As the automotive industry in Mexico marks more than 100 years of growth, it is now ranked as the world’s sixth biggest auto parts producer and is experiencing peak investment levels as in recent years major players like Toyota, BMW, Mazda, Audi and Honda have joined the ranks of General Motors, Ford, Chrysler, Volkswagen, Nissan, Fiat and others (a total of over 40 companies producing more than 400 models and associated parts lines) with major production centres established throughout the country. Forbes magazine estimates that production has more than doubled since 2010, with over $19 billion in investment flooding into the country in a period of five years. Automotive News reports that in the first quarter of 2017, the Mexican auto industry is breaking records with production up 17% and exports ahead by 14%. Financial markets and forex specialist Pablo Soria de Lachica offers a seasoned perspective on this impressive growth, attributing Mexico’s progress to its key geographic positioning, wide range of free trade agreements and some of the lowest manufacturing costs in the world.
Ideally positioned between the Atlantic and Pacific Oceans, with direct shipping access to Europe, Asia, Africa and South America, Mexico is reaping the benefits of its central global geographic location, shipping $373.9 billion worth of product worldwide in 2016. Importantly, it shares a border with its largest trading partner—the United States, where 81% ($303 billion) of exports flowed last year.
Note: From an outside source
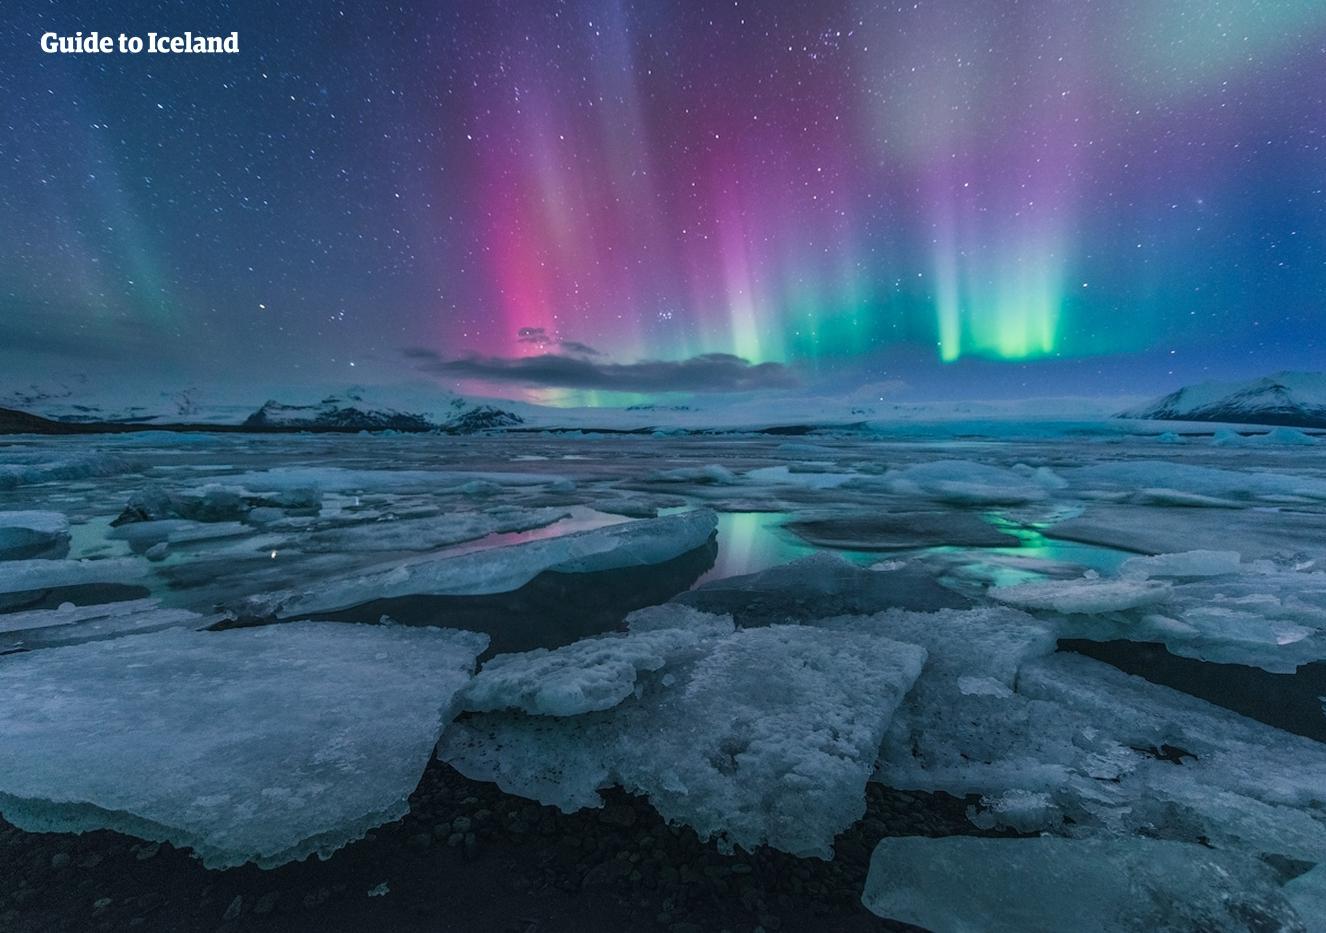 北极光在冰岛南岸的杰古沙龙冰河湖的冬季冰封湖面上肆意舞动

Pablo Soria de Lachica is among many experts who predict the Mexican auto parts industry will trend positively towards $90 billion in total sales for 2017, after reaching $88.4 billion in 2016 (with $73.8 billion in exports) as reported by Export.gov. Capitalizing on its ideal geographical situation with its well-established shipping trade routes, Mexico is poised to continue exceeding expectations and attracting foreign investment in the auto parts sector.
Research group ‘World’s Top Exports’ notes remarkable and significant increases in export to many countries over the period of 2009 to 2016, with notable gains of 407% total value of trade with South Korea and 303% with France. While these surges are linked to a number of factors, they are facilitated by Mexico’s 11 free trade agreements with 46 countries, in combination with auto parts manufacturing costs that are reported to be lower than China’s and consistently 10 percent lower than the United States. Soria de Lachica points to the low wages (yet high skills) of the more than 750,000 people employed in the Mexican auto parts industry as a key factor in sustained competitiveness. He expects auto parts sales to exceed $100 billion by 2020.
Pablo Soria de Lachica holds a Master of Business Administration from the Universidad Tecnológico de México and works to educate and advise clients in business and finance, specializing in market analysis, foreign exchange, sales technologies and investment strategy. In collaboration with Kartoshka he provides customer management, sales and marketing tools to an international clientele. As an avid philanthropist, Mr. Soria de Lachica regularly contributes to projects and organizations which focus on environmental and community-strengthening causes.